天竺

突然胸をかきむしりたくなるような衝動にかられ、いったいそれが何だったのかを問うこともできず、焦燥感にも似たその体験は、時折眉間から胃袋の間を去来しては消えて行く。フォーカシング(Gendlin,E.T.)にも似たその思索行為は、私の嗜癖にもなっているようだ。俘泊を気取っていた時期、内部で起こる「何事か」を手繰り寄せては仔細に眺め、それがどこからやってきたのか両目を細めるか、片眼で眇めるかして見出そうとしていた。もちろん、決してそこには近づこうとせずに、だ。それは自分自身がもっとも気にしていることでもあったのだが、自分が今いる場所から一歩も動かずして全てを分かろうとする横着で惰弱な生き物であることは結局何を語るにしても、必ず語りの末尾にオチとして設けられることになっている。わが身を投射してしか何事も語ることはできないのだろうか。いや、そうではないと言いたい。何事かのために語り、それが我が口を悦ばすのではなく、何事かが先へ向かう糧となり得るようなものであれば、と願う。

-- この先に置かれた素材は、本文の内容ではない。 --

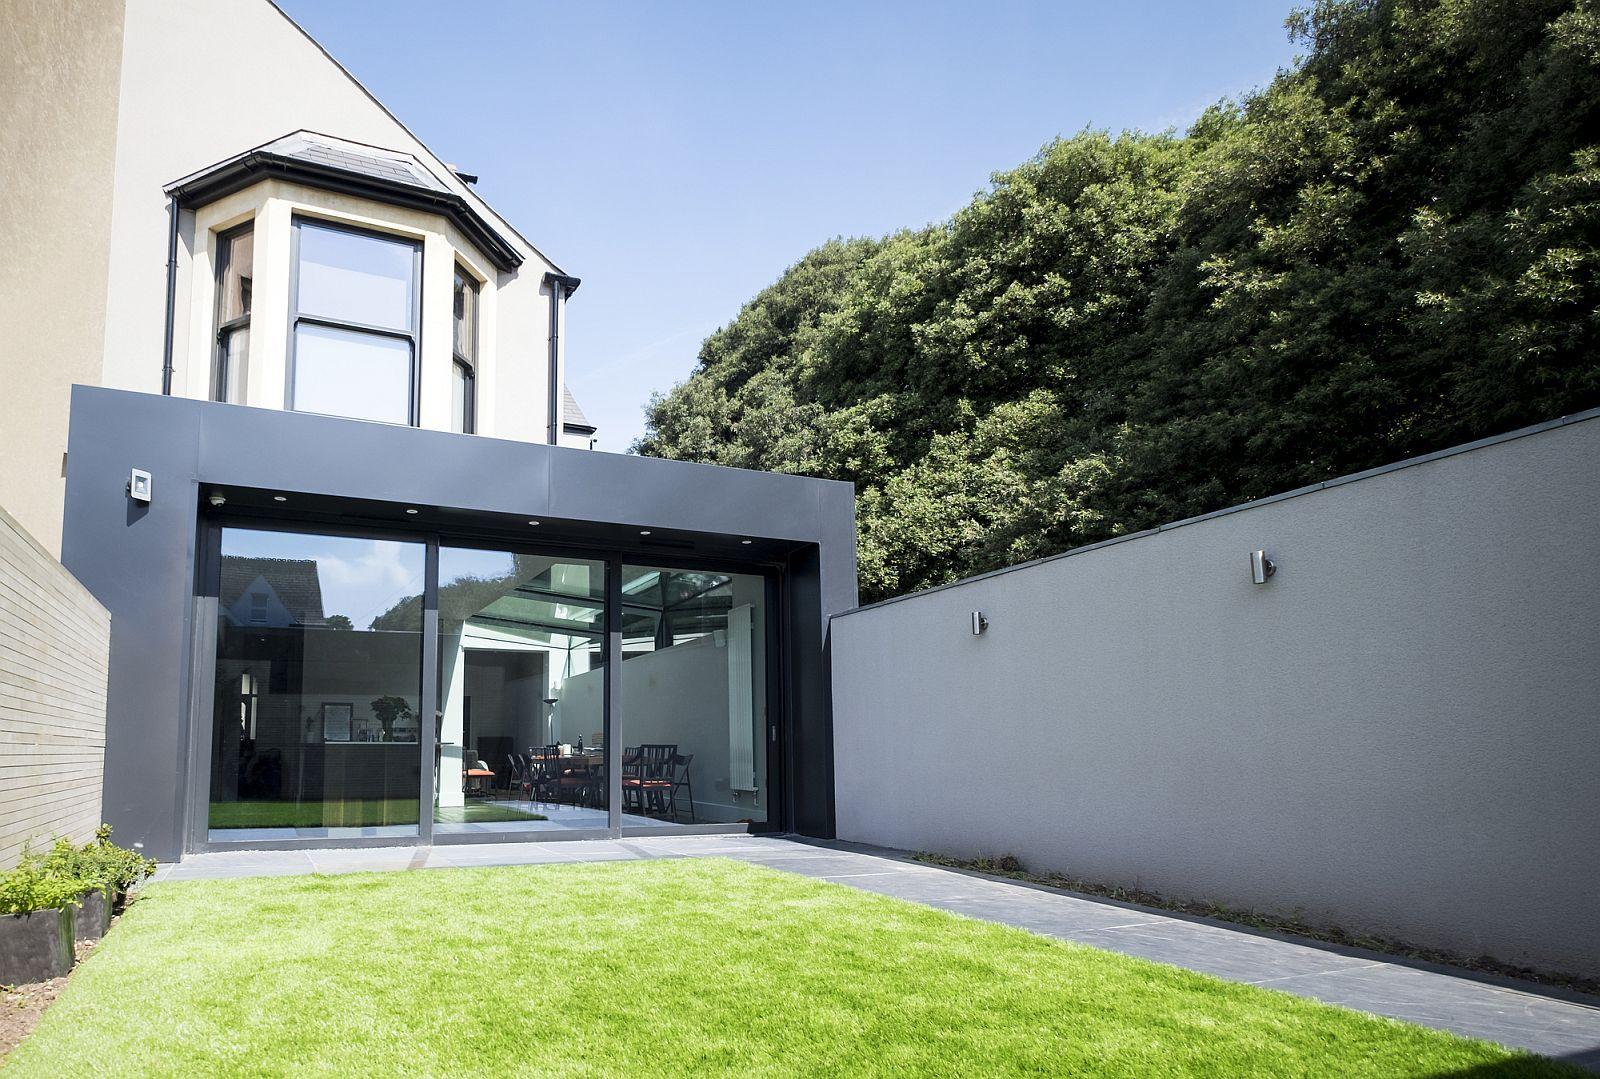 经过改造的室内装饰同时具有一个独特的9米长的玻璃屋顶
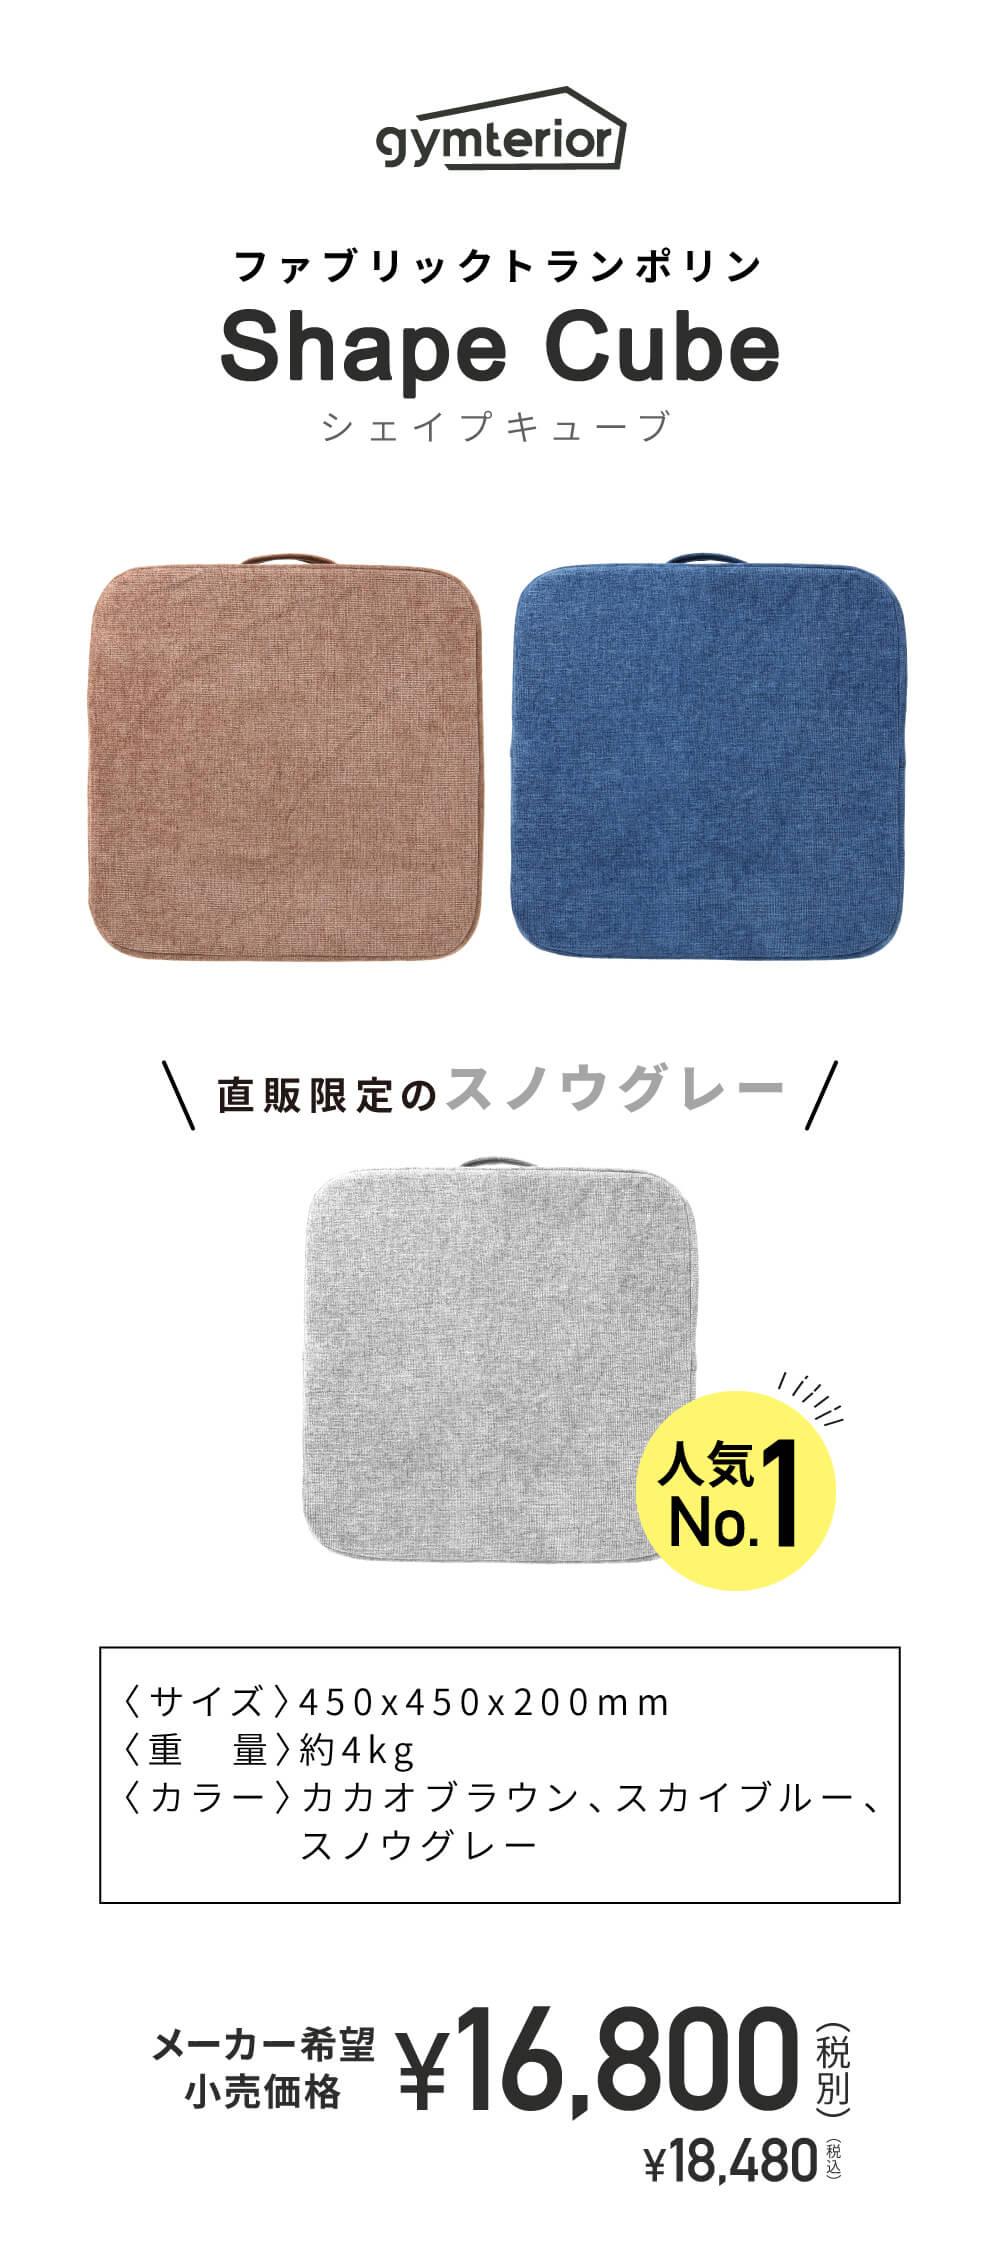 シェイプキューブ商品詳細

「観念的だ」という言い草は揶揄として用いられるが、以前ここでも挙げた「ナマ感がない」という表現と同義であると思って構わない。なるほど「観念的」とは、まさに「我が口を悦ばす」ためだけに言葉を用いている様である。また、実際の経験やその経験に肉薄した描写のない語り口こそがこれにあたる。「評論家」を揶揄に用いるときも、これが含意されている。このような揶揄は私の記憶に永くとどまり続けている。私の語りは単なる虚栄心と痴愚の働きによるものでしかないこと、結局何も分かっておらず、何も語っていないのと同じであること、そして私は何者にもなりえないこと…。語ることを閉ざされれば、語ることに同一化した私という存在もまた否定されたように感じる。「何者かになる」ことを仮定された私は、それと同時に何者かになることをも否定される。思うことも、感じることも、「私」であることも無意味だとみなされる。

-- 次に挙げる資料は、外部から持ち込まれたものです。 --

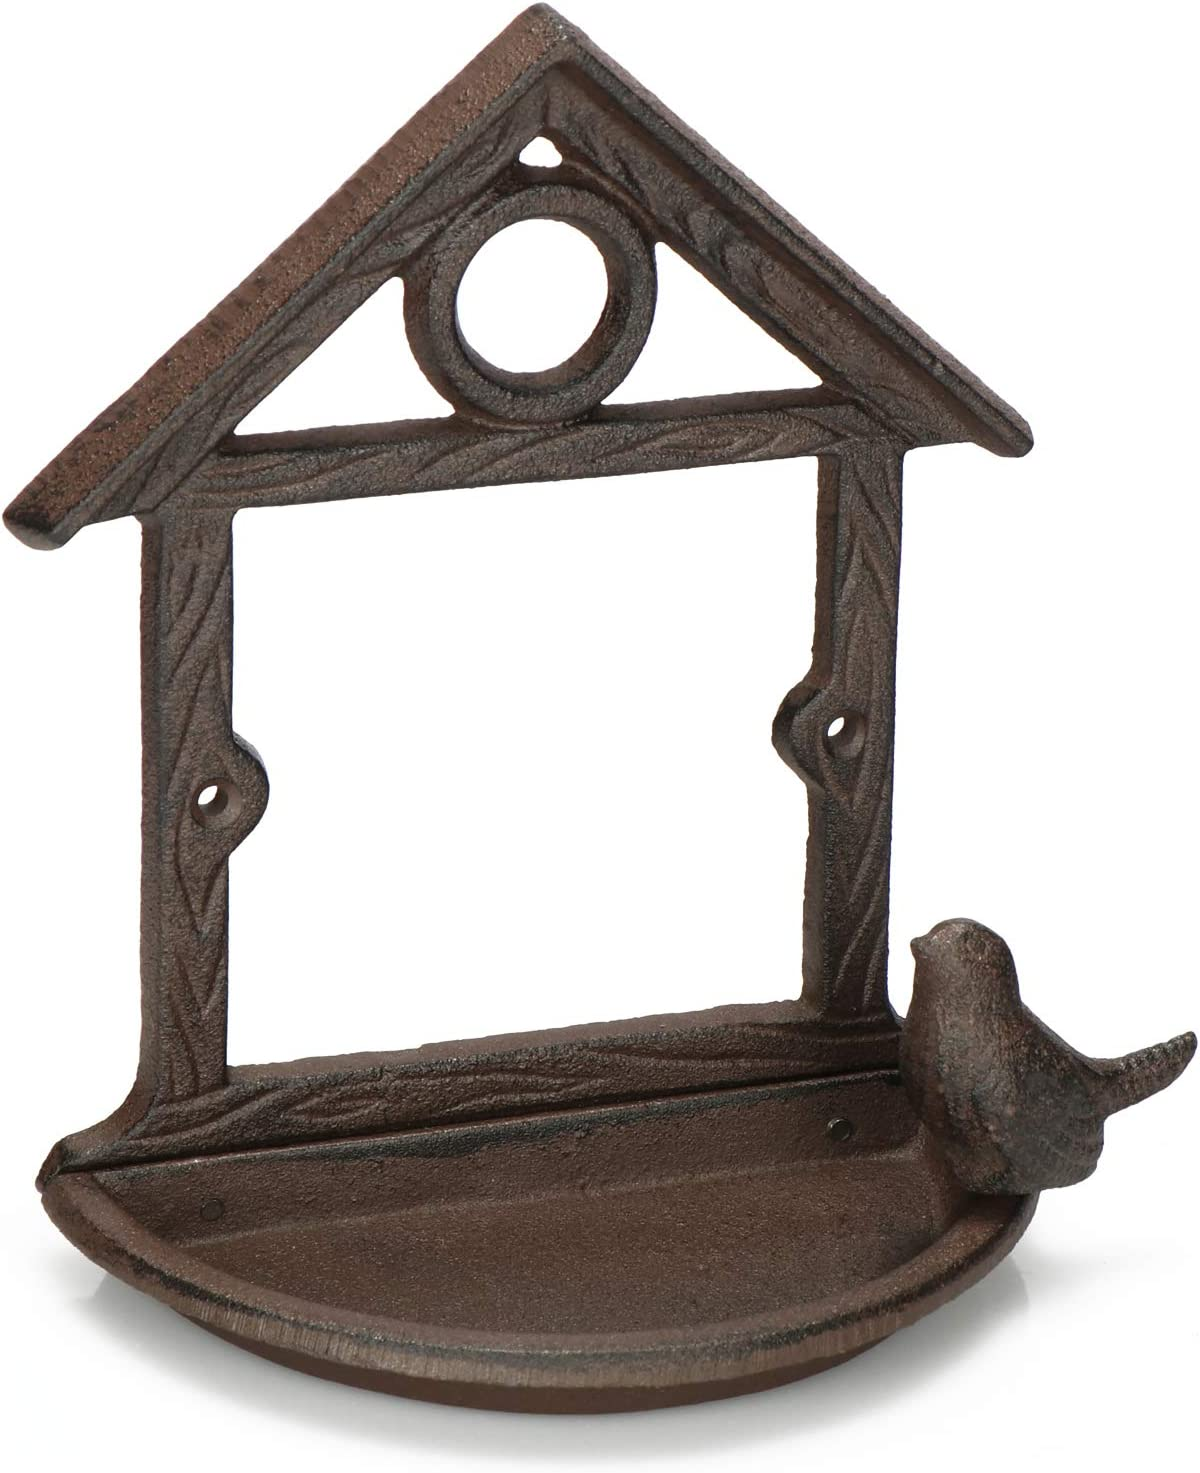 com-four® Baño para Aves Silvestres - Casa de alimentación de Hierro Fundido - Baño de Agua Decorativo para Colgar en el jardín

この桎梏から抜け出ようと、私は実際の体験を得ようと外に出たのではなかったろうか。しかし外に出たとしても、感覚する私が外に眼を向けていなければ、それは内に篭っているのと同じなのだ。“語っていることは、以前と変わっただろうか”。いや、聞かなくてもいい。私にとって「益体のないこと」とは語ることであり、語る私自身だからだ。私は語る人々を信じられず、しかし非常な羨望の念を抱いて見ている。

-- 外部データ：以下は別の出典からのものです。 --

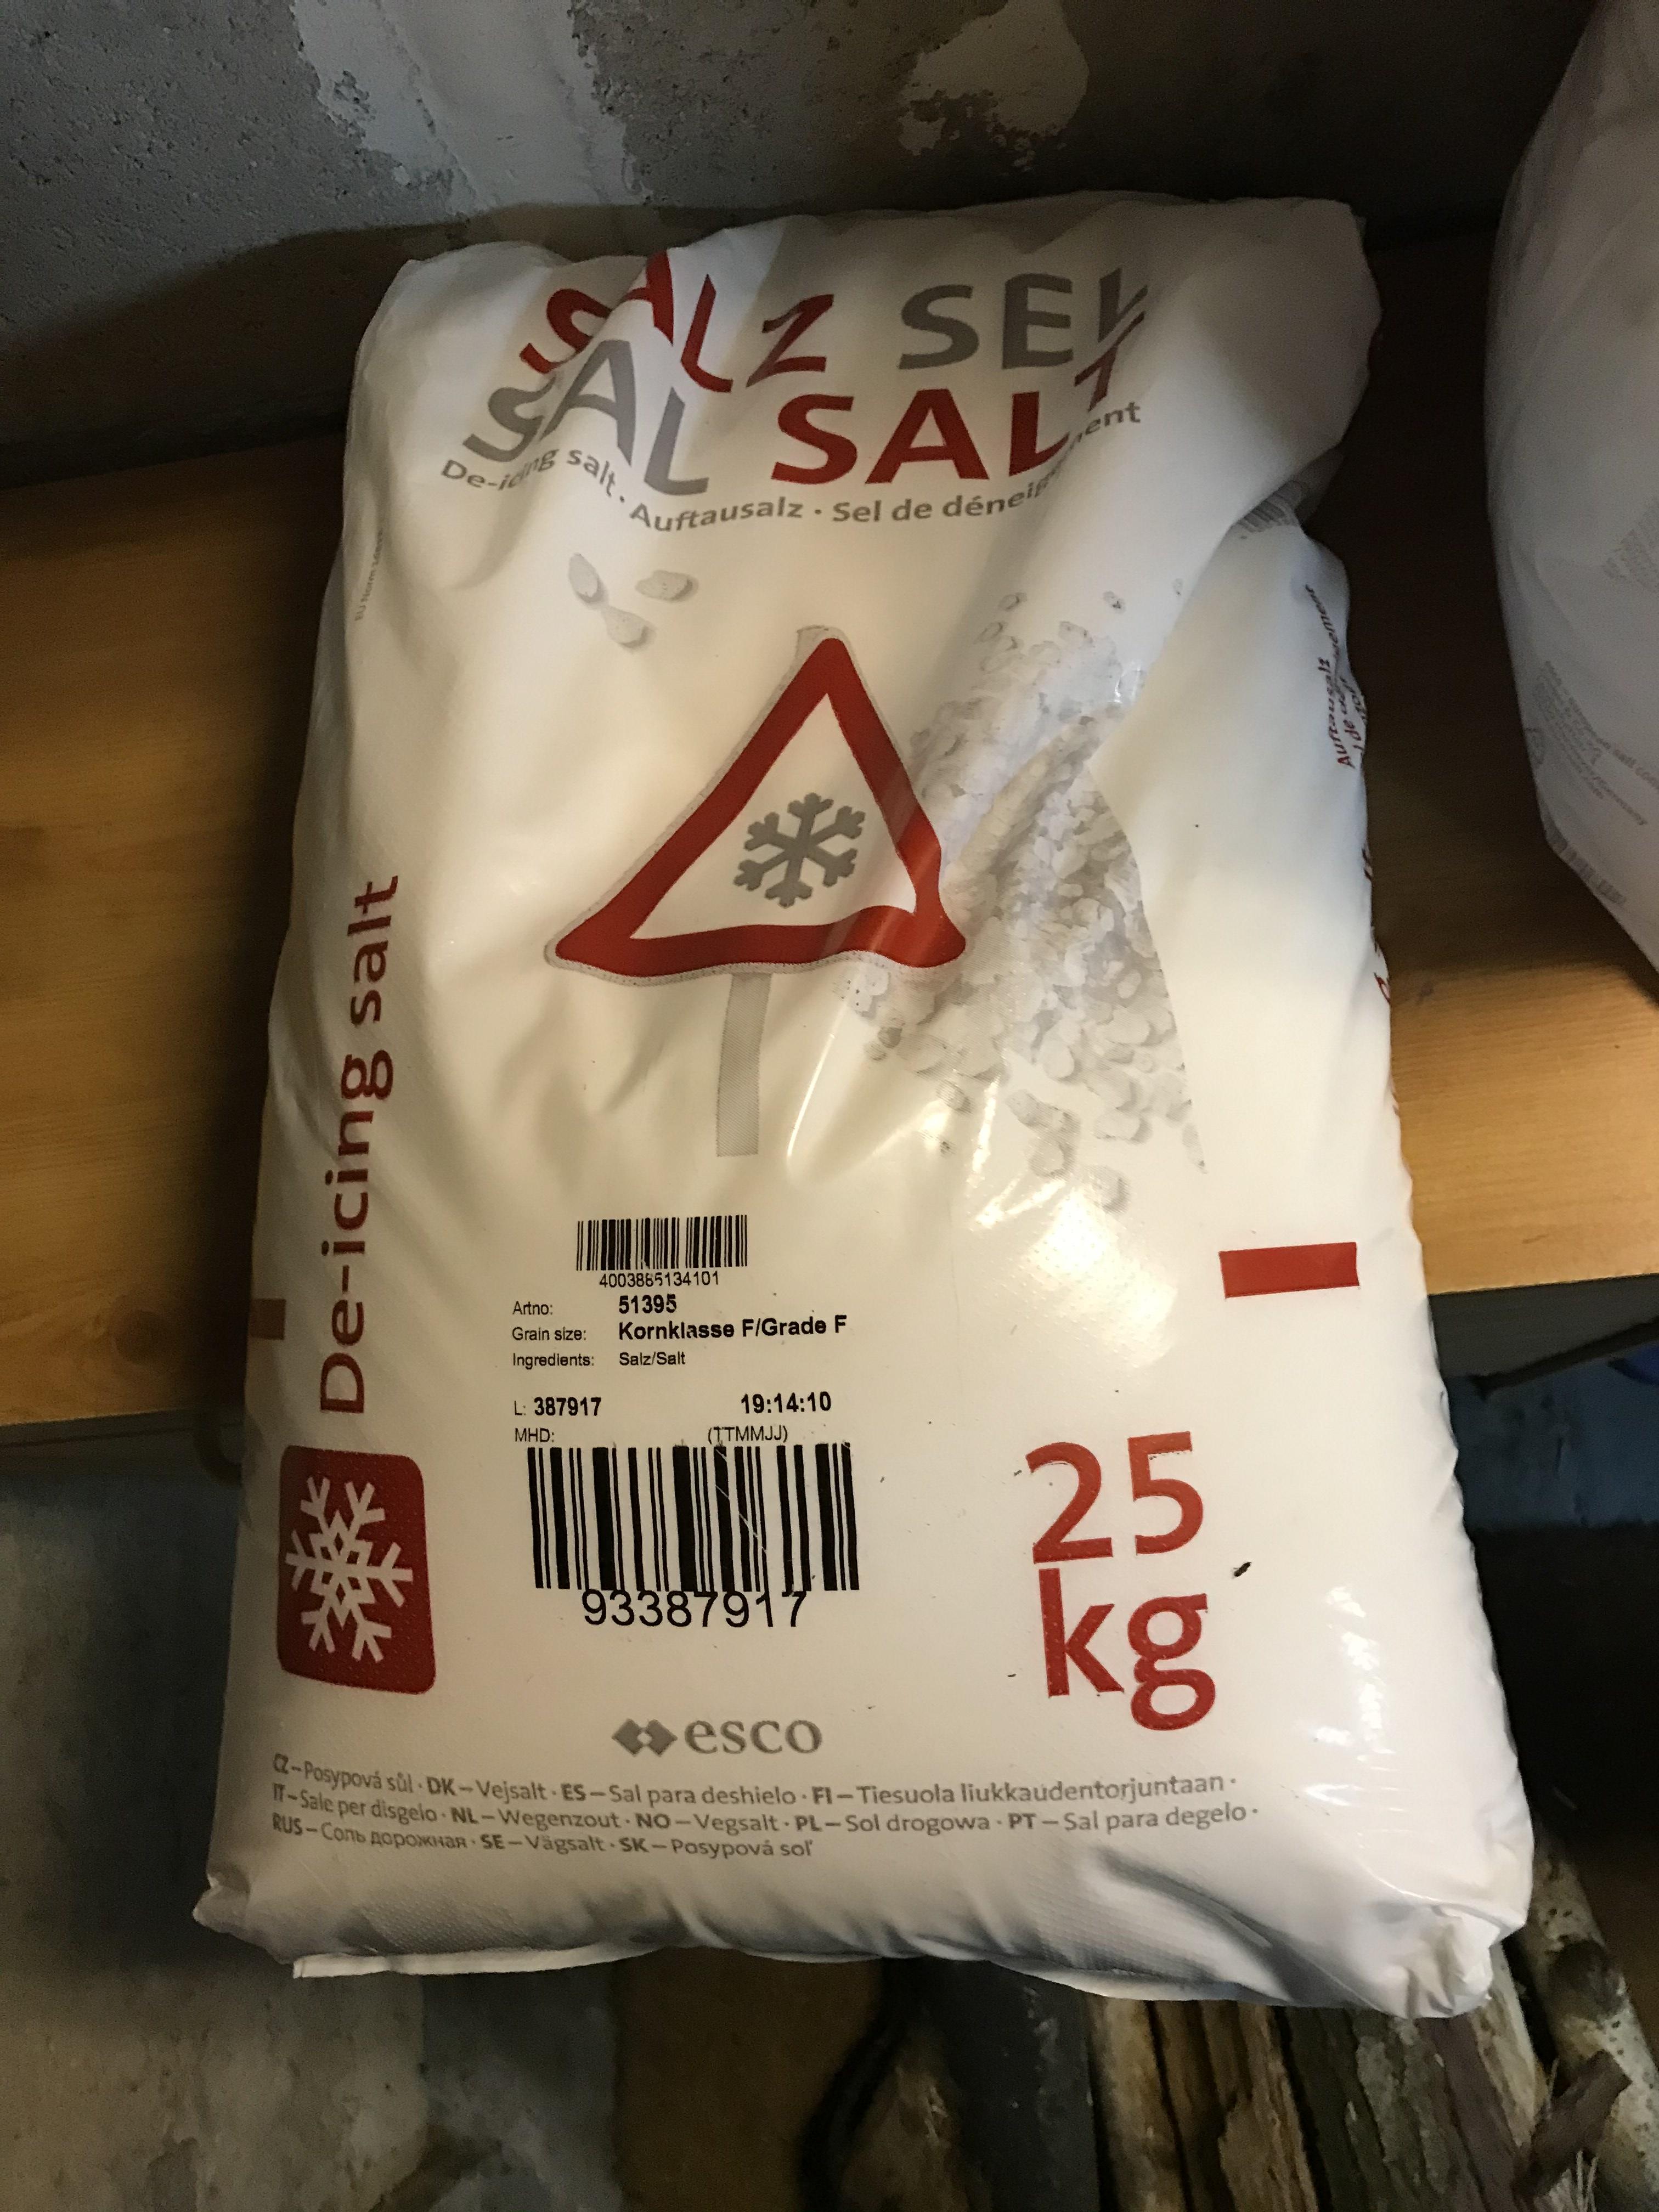 Sac de sel de déneigement (25 kg) - Chambourcy (78)

なぜ評論家たりえるのか。なぜ観念をものすることができ、あまつさえ評価されうるのか。

間章という人物がいた。彼の存在を知ったのは、4年前だったか。青山真治が監督を務めた『AA』が局所的に上映されており、タイミングを逸しては観られずにいた私は近くの図書館で『非時と廃墟そして鏡 間章ライナーノーツ[1972-1979]』 を借りて、読んだ。彼が実際に音楽活動をしていたと示すものは見当たらない。彼は執筆をとおして、フリージャズを考え続けていたようだ。どうしても私は、この、音楽を、演奏活動ではなく執筆を通して語るということが理解できていない。彼が類稀なる感性と知性をもっていたから、と誤魔化してみても詮無いことだ。彼は何を語っていたのか。そして何を語ろうとしていたのか。彼が感じて、見ていたものは何だったのか。この、近いように感じられてあまりにも遠い場所を思い、その場所が私の夢幻ではなく確かに存在したことを思うとき、この胸を焼き衝くような炎が奥で燻ぶり始めるのだ。その先へ。